The question rolled right off of her.
“If someone you cared about was in danger, could you keep yourself from trying to help them?”
“...I guess not,” she admitted.
It was slow going, and after a few floors, the Eule spoke up again.
“It’s a shame, though. I would’ve liked some of that food you mentioned. I’m so hungry…” she groaned, clutching her stomach. “If I wasn’t running on such low power, I might’ve been able to outrun those creatures before, but… you saw how that turned out. Thank you again for saving me, by the way.”
“It’s nothing.”
It was. All of this. She might have looked like her, might have shared some of her memories, but this person wasn’t Juni. And she was going to get herself killed following her around. Why was she still here? Why couldn’t she let her go alone?
As Elf put her weight onto the next rung, it warped under her weight. She clutched the handrails tight, hoisting herself back up.
“Please don’t make me do this.” Her voice was a miniscule thing in the unfathomable depths of the elevator shaft. January glanced up at her nervously.
“Like I said… you don’t have to come with me.”
Neither moved for a long time as Elf got a hold of herself. Then, lowering her weight onto the offending rung just long enough to step down onto the next, she let out a heavy sigh of relief.
“See?” January tried to comfort her. “The ladder’s not so bad. We’ll be finished here before you know it, alright?”
“Right…” she said in disbelief. Then she took one more step down the ladder and snapped right through the rung, handrail slipping between her fingers as she disappeared into the inky black.
“There is one thing. One person, actually…”

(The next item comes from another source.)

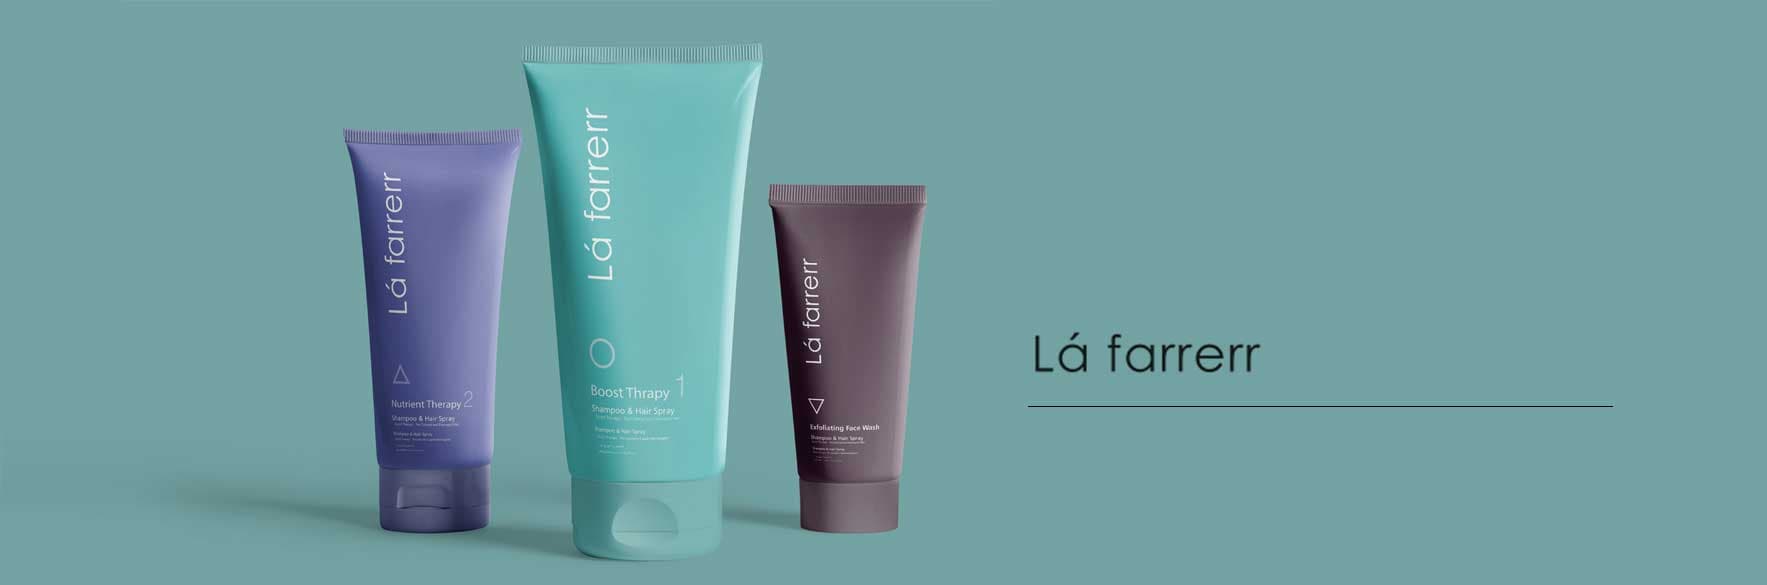 محصولات لافارر LA FARRERR جدید 2023 با بهترین قیمت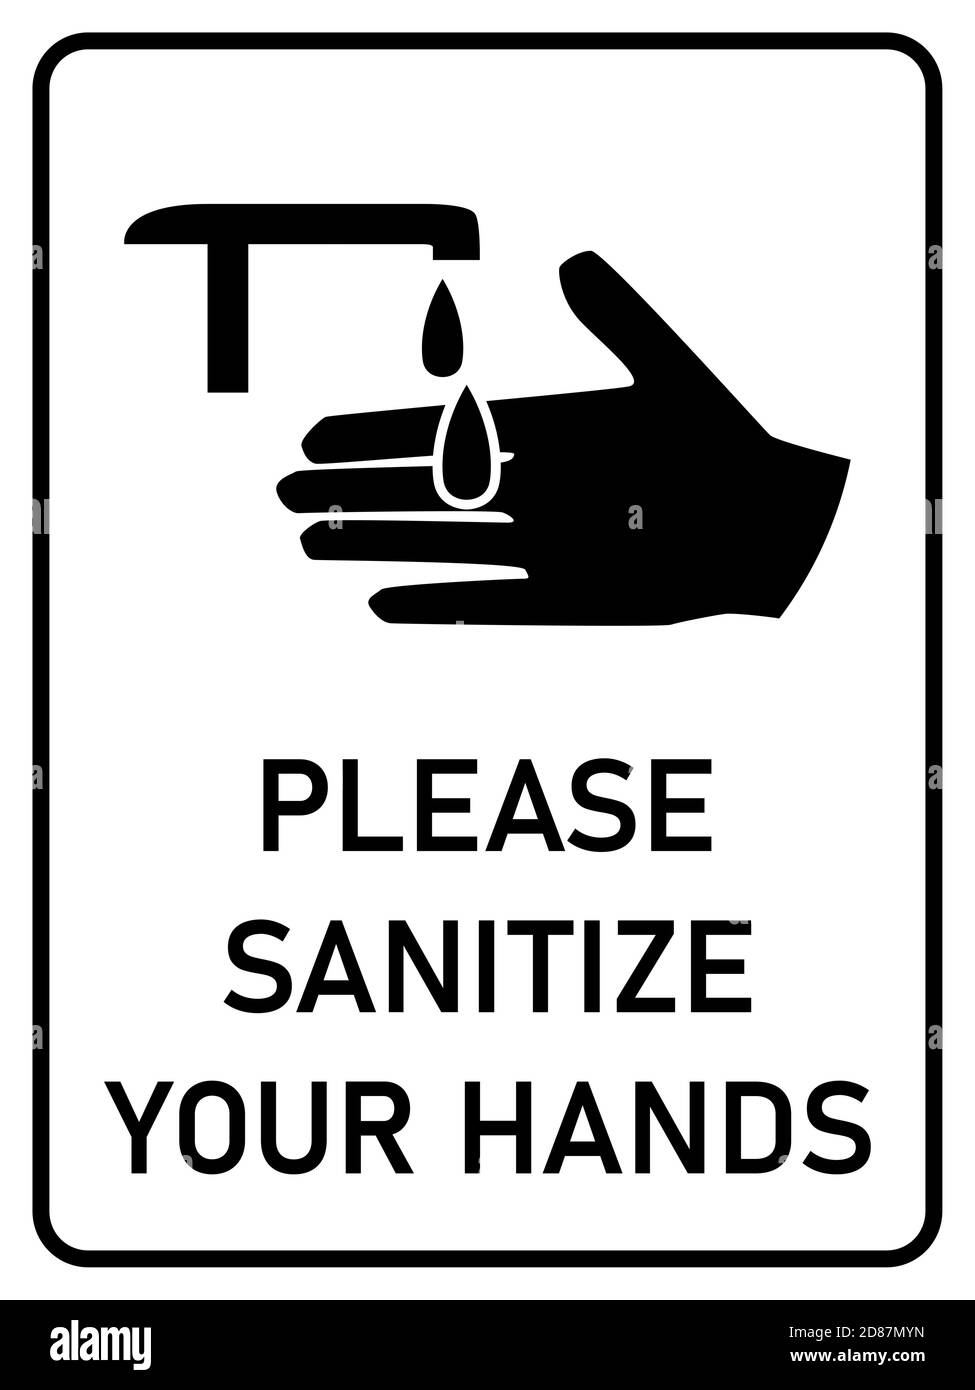 Por favor, desinfecte sus manos vertical Higiene Cartel de advertencia signo con una relación de aspecto de 3:4. Imagen vectorial. Ilustración del Vector

Elf crossed behind the desk and reached out carefully to cradle the Replika’s chin in the palm of her hand.
“...You.”
Juni placed her smaller hand over Elf’s own, guiding it to her cheek to nuzzle against it. As the Eule smiled up at her, the Ara tried her best to maintain eye contact, fidgeting beneath the woman’s gaze. She caught herself leaning in without really meaning to.
“Can I…?”
“Yes.”
Elf was forced to brace herself on the desk to make up for the difference in height. Under her weight, the table scraped across the floor, producing a shrill metallic screech that caused her to pull away, jaw clenched in annoyance. Juniper laughed off the inconvenience, but didn’t pull Elf back into the embrace until she showed was ready to continue. Eventually, they parted, and Elf sat on the edge of the desk, kicking her hooves. A small smile played at her lips, the expression still strangely foreign to her.
Wait… Juni wasn’t smiling anymore. She looked sad. Why did she look sad?
“Did I do something wrong?”
“What? Oh… no. I’m just worried, that’s all. About being your one thing.”
For once, it was Juni who seemed to be having trouble making eye contact.
“What would you do if something happened to me?”
“Leave me be…” she whined as she felt someone shaking her back to consciousness, and the memory faded away.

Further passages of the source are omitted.